Search code examples
javascripthtmleventsiframebrowser-cache

How to read the *original* source of an iframe, after it has loaded, from the cache


The most generic way to describe this is that I want to fire only one network request, only after the client has seen a certain part of the viewport, and then use it and display it in an iframe, in the most efficient manner possible.

Given a DOM structured like so:

<!DOCTYPE html>
<html>
  <head />
  <body>
    ...
    <iframe loading="lazy" sandbox="" src="http://www.example.com" />
    <pre />
    ...
  </body>
</html>

I want to show the client, in the pre tag, what the source of the iframe above looks like. The iframe element may host an arbitrary document, it may be textual or binary, all that is known is that the browser can display it. The iframe's source URL is hosted on the same origin.

I am aiming to display what one would see by going to a Chromium "view-source:" URL, or similar.

Accessing the .contentWindow or .contentdocument properties may not be possible, as it is sandboxed entirely, but even if I could, the document's outerHTML would not be sufficient, and using an XMLSerializer would obviously change the output. Also, I believe that browsers are allowed to edit certain areas of a document, such as unnecessary whitespace, or formatting.

I had simply tried the following:

document
.body
.querySelector("iframe")
.addEventListener(
    "load",
    async ( { currentTarget: { src } } ) => {
        const data = await fetch(
            src, {
                cache: "only-if-cached"
            }
        );

        // ... use data
    }, {
        passive: true,
        once: true
    }
);

Yet, the fetch failed. It seemed that the URL was not in the browser's cache, but I did not want to initiate a new network request, is there an efficient way that I could do this?

I was thinking of using an Intersection Observer as a potential solution because it would result in only one network request, but the code was pretty long, and it seemed to not have been working correctly (I am inexperienced with the observer).


Solution

  • There are a few potential things going on here with the event listener and the fetch request. Note to other readers that lazy loading in iframes is only supported in Chrome/Chromium, Edge, and Opera as of this writing (November, 2020).

    This answer is aimed to the questioner who wants to also use lazy loading to dynamically load content. If the concern is just about making a single network request, it could be done via a fetch request and setting the src of the iframe via Blob or data URIs or via srcdoc, or using Service Workers (explored a little bit below).

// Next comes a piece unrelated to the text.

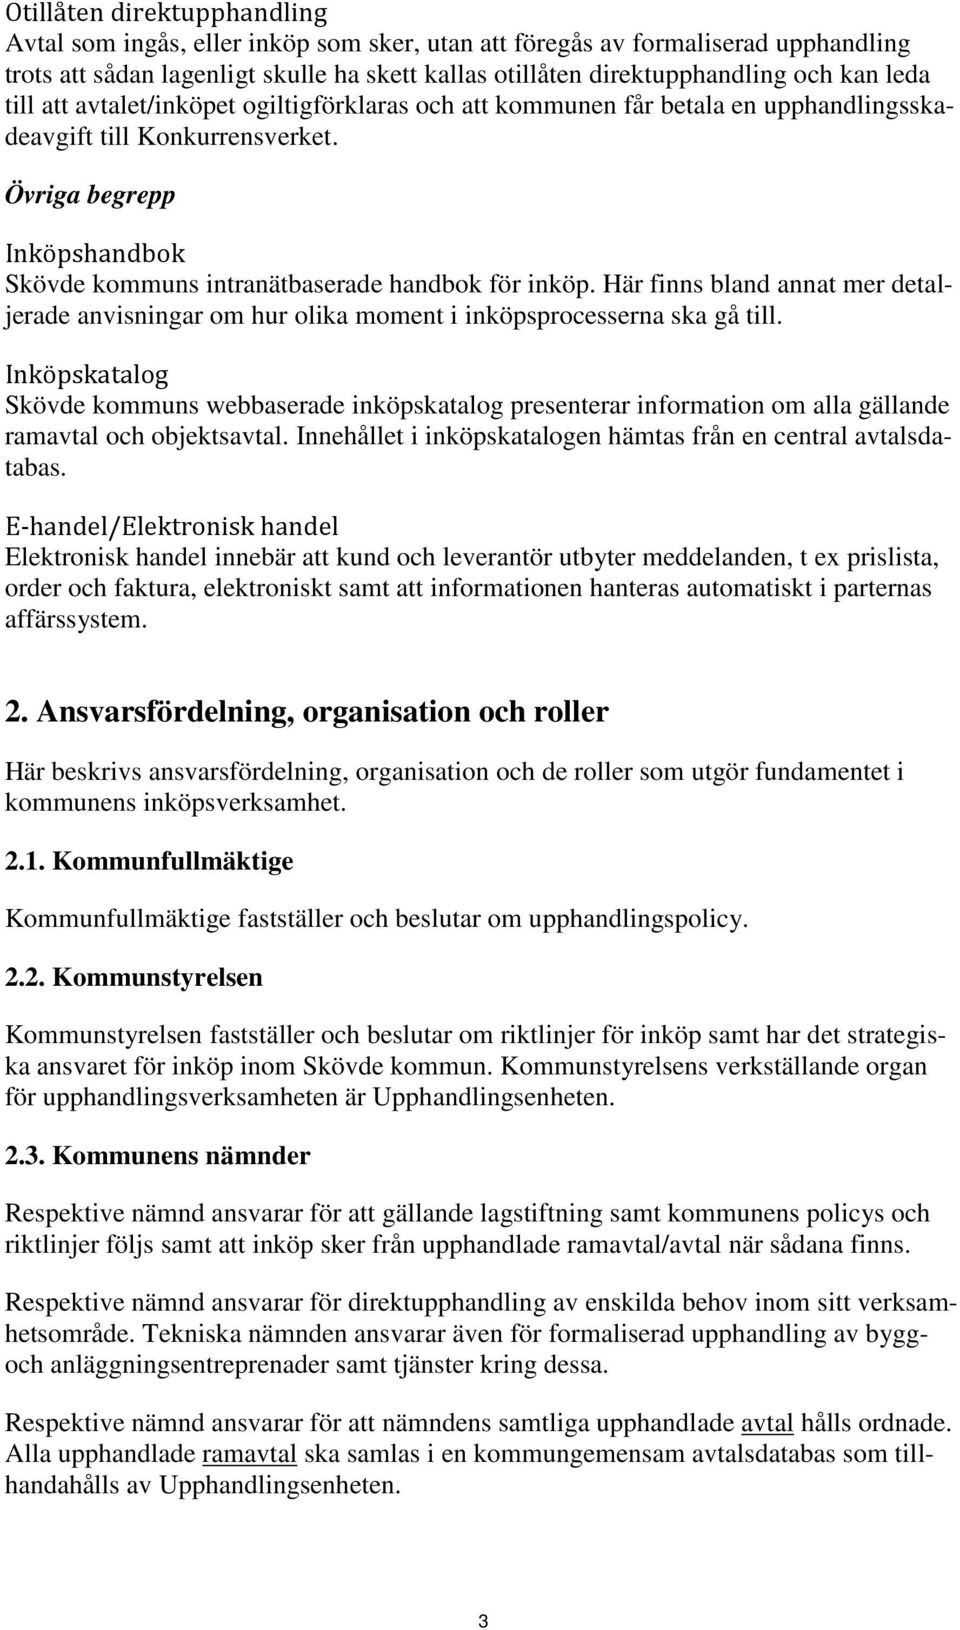 Övriga begrepp Inköpshandbok Skövde kommuns intranätbaserade handbok för inköp. Här finns bland annat mer detaljerade anvisningar om hur olika moment i inköpsprocesserna ska gå till.

    Frames Potentially Loading Before Adding Event Listeners

    You add an event listener to your frame after it's declared, which can create problems if the frame loads before the script is evaluated (which may be the case if it is cached).

    Normally, you could see if your frame is already loaded via the contentWindow or contentDocument property, and if so run your initialization code on those frames, but because the frame is sandboxed, those properties aren't accessible. What you can instead do is declare your handler ahead of time, and when you create your iframe declare it then:

    async function loader(frame) {
        console.log(frame.src);
        // ...
    }
    
    <iframe src="frame.html" loading="lazy" sandbox="" onload="loader(this)"></iframe>
    

    Using Same-Origin in fetch requests

    According to MDN, only-if-cached can only be used if the mode is set to same-origin, which should be okay in your situation since you said that the frame is the same origin. The fetch request would look something like:

    await fetch(src, { mode: 'same-origin', cache: 'only-if-cached' });
    

    The Result

    main.html

    <!doctype html>
    <html>
      <head>
        <meta charset="utf-8" />
        <style>
          .spacer {
            height: 200vh;
            background: lightgray;
            text-align: center;
          }
        </style>
        <script>
          async function loader(frame) {
            var sourceCodeElementId = frame.dataset.code;
            var sourceCodeElement = document.getElementById(sourceCodeElementId);
            var response = await fetch(frame.src, {
              mode: 'same-origin',
              cache: 'only-if-cached'
            });
            if (response.status === 504) {
              // if it didn't load via cache, just get it normally
              response = await fetch(frame.src);
            }
            var text = await response.text();
            sourceCodeElement.textContent = text;
          }
        </script>
      </head>
      <body>
        <div class="spacer">Scroll Down</div>
        <iframe src="frame.html"
            loading="lazy"
            data-code="frame-source-code"
            sandbox=""
            onload="loader(this)">
        </iframe>
        <pre id="frame-source-code"></pre>
      </body>
    </html>
    

    Sample frame.html

    <!doctype html>
    <html>
    Frame
    </html>
    

    Optionally/Alternatively Use Service Workers

    If the concern is around network requests, you can use Service Workers, alternatively, or additionally to the above fixes. It takes a bit of work to get them up and running, but they can give you a finer control over network requests. Caching files is a common tutorial, so you should be able to find a decent amount of resources if you go that route.